Thomas Gross MD - Is Ceramic on Ceramic Hip Resurfacing the New Gold Standard?
- Metal on metal (MoM) hip resurfacing arthroplasty (HRA) as conceived by Derek McMinn and the late Harlan Amstutz in the 1990’s is unquestionably the proven gold standard for hip reconstruction in 2021.
- HRA is too challenging an operation for most joint replacement surgeons.
- Fear of metallosis is misplaced; but this fear is constantly fanned by most total joint surgeons because their alternative, total hip replacement (THR), is inferior by many measures: worse functional outcome, more residual unexplained pain, worse implant survivorship in young patients, higher rate of debris mediated failure, higher dislocation rate, and higher 10-year all-cause mortality.
- Metallosis with MOM HRA is a solved problem…...just place the cup right.
- Trunion corrosion in THR is currently a much greater problem…. And far from being solved.

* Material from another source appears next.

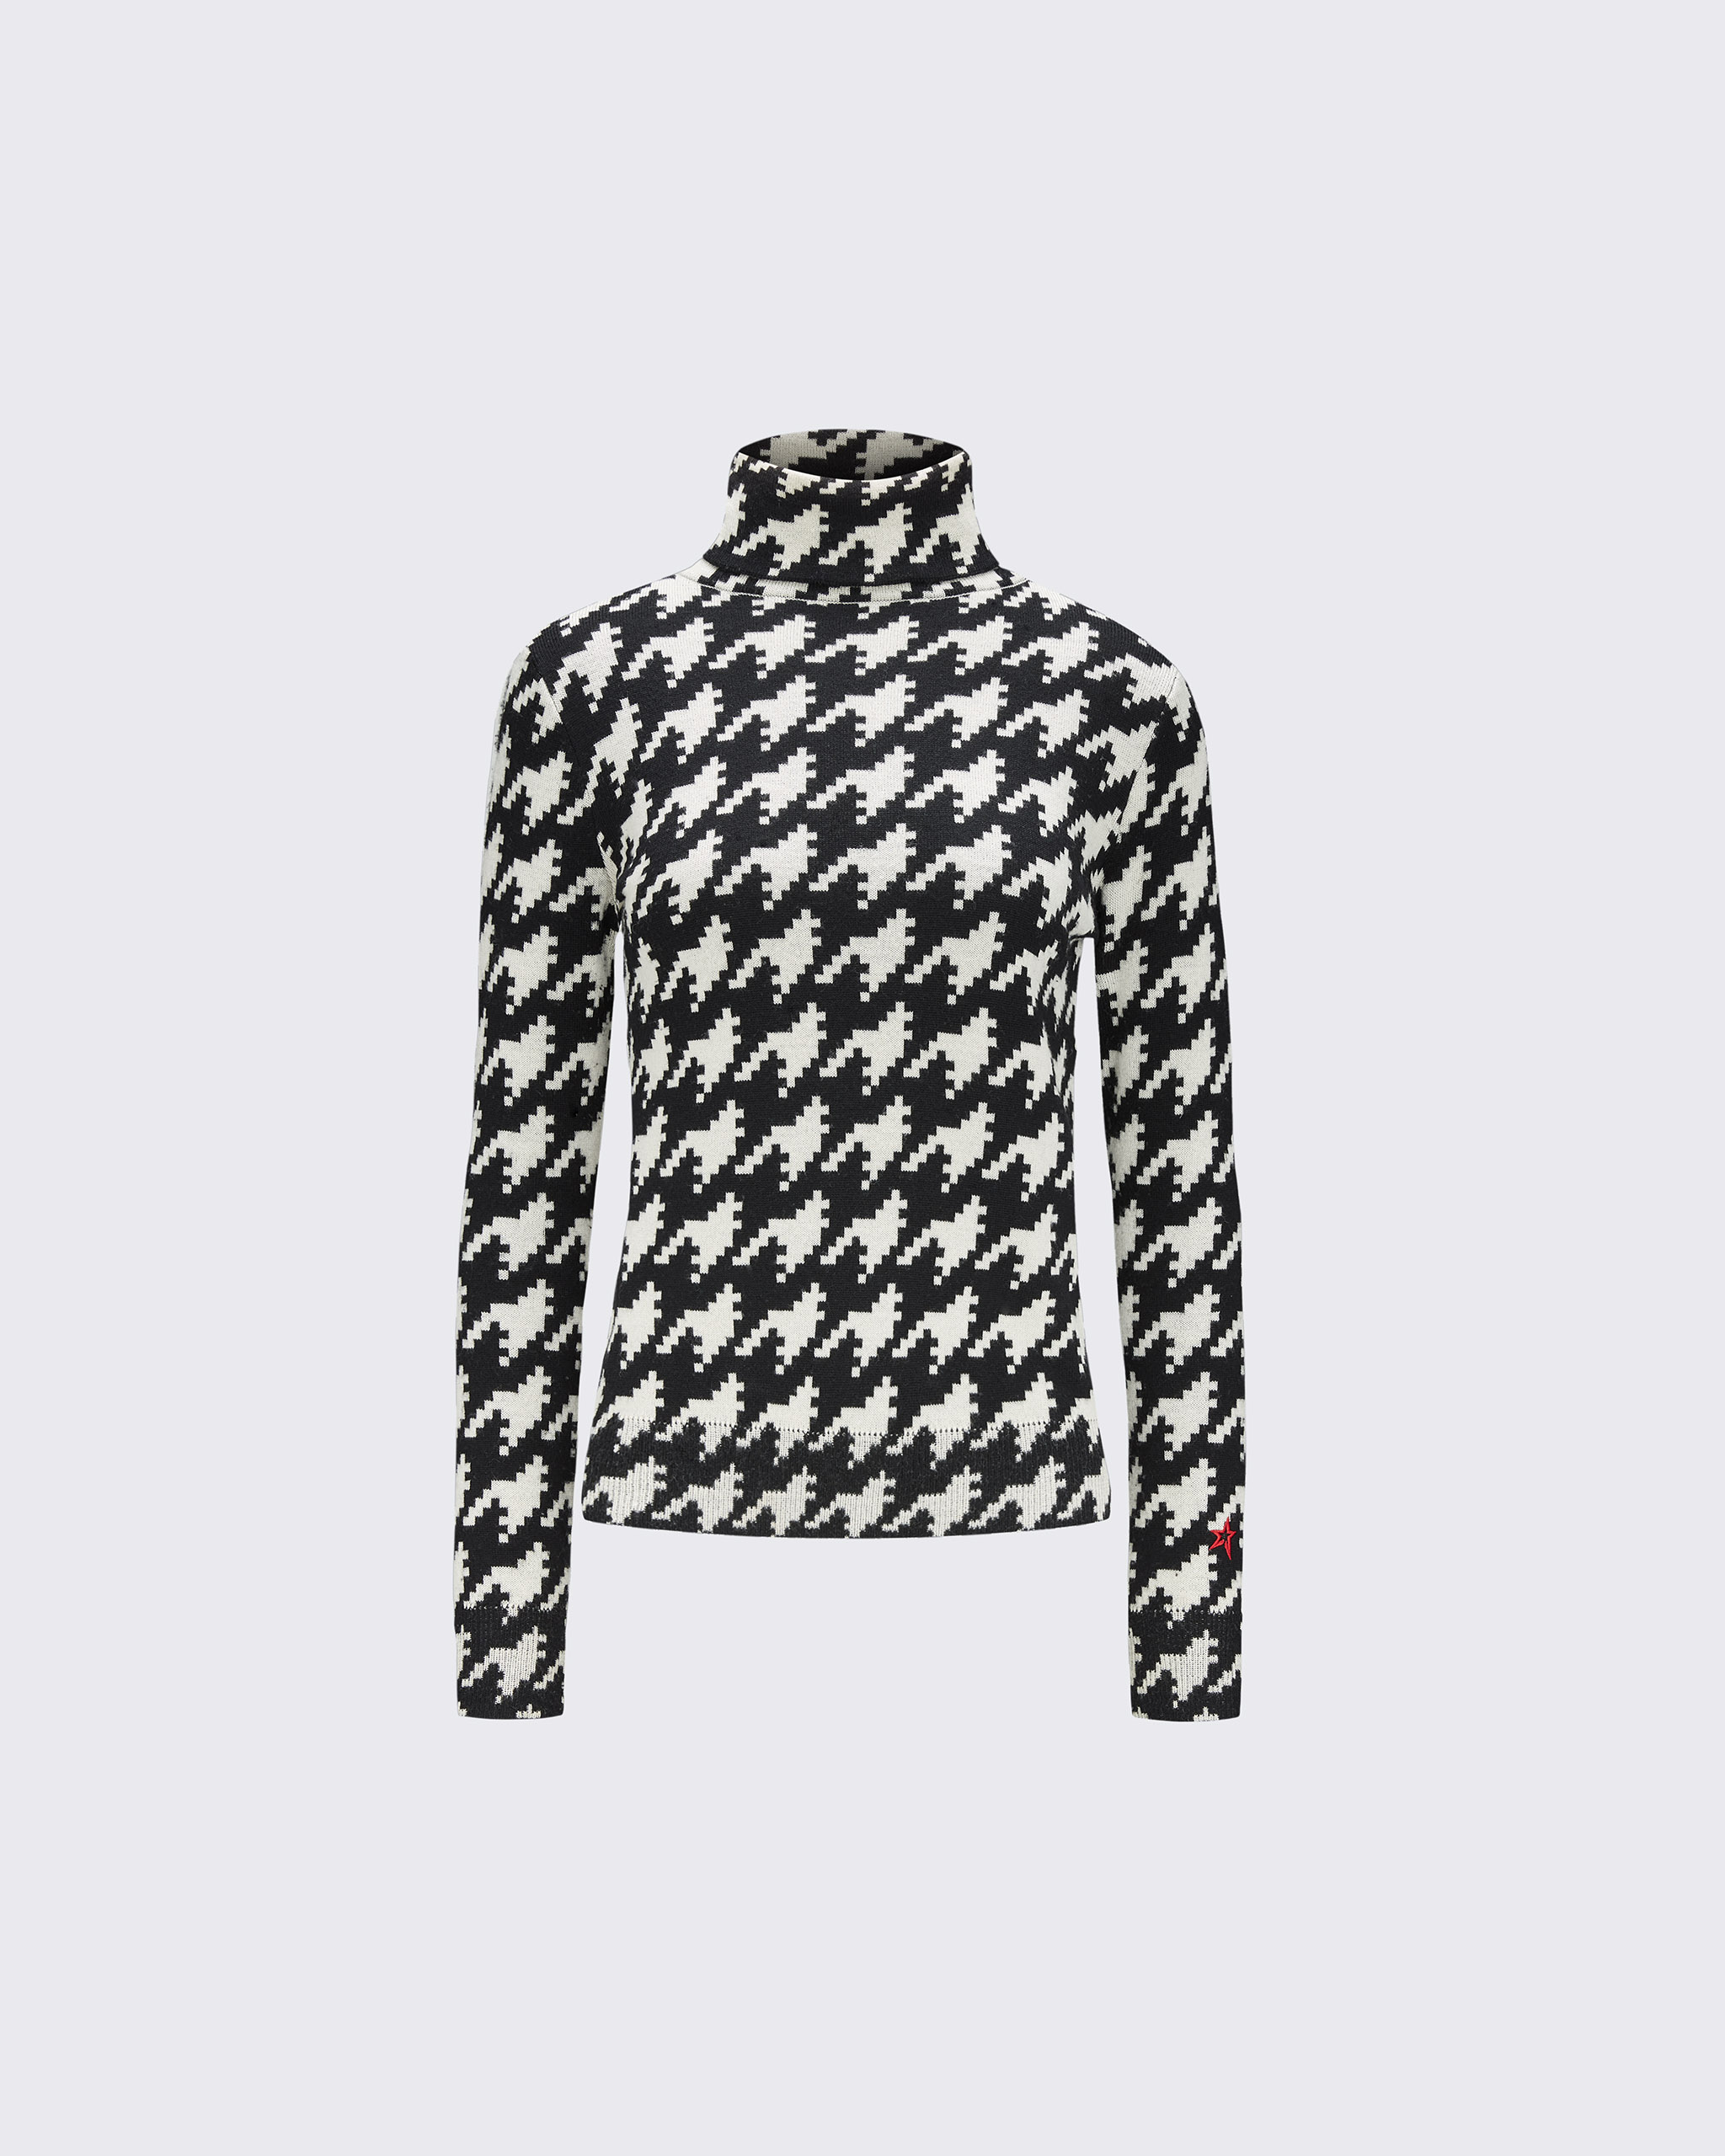 Perfect Moment Houndstooth Merino Wool Turtleneck In Black-white-houndstooth-print

- There is no cancer risk with MOM bearings, metal allergy is a myth.
- Reversible mild metal toxicity has rarely occurred in past metallosis cases. Severe cardiotoxicity has never been reported in MoM HRA.
- Theoretical concerns with ceramic on ceramic (CoC) HRA are: cracking, squeaking, porous coating debonding.
- Two CoC HRA trials, Imbody H1 and MatOrtho ReCerf are in progress.
- Can a CoC HRA beat the current gold standard uncemented MOM HRA with 99% 15-year implant survivorship in over 5000 cases?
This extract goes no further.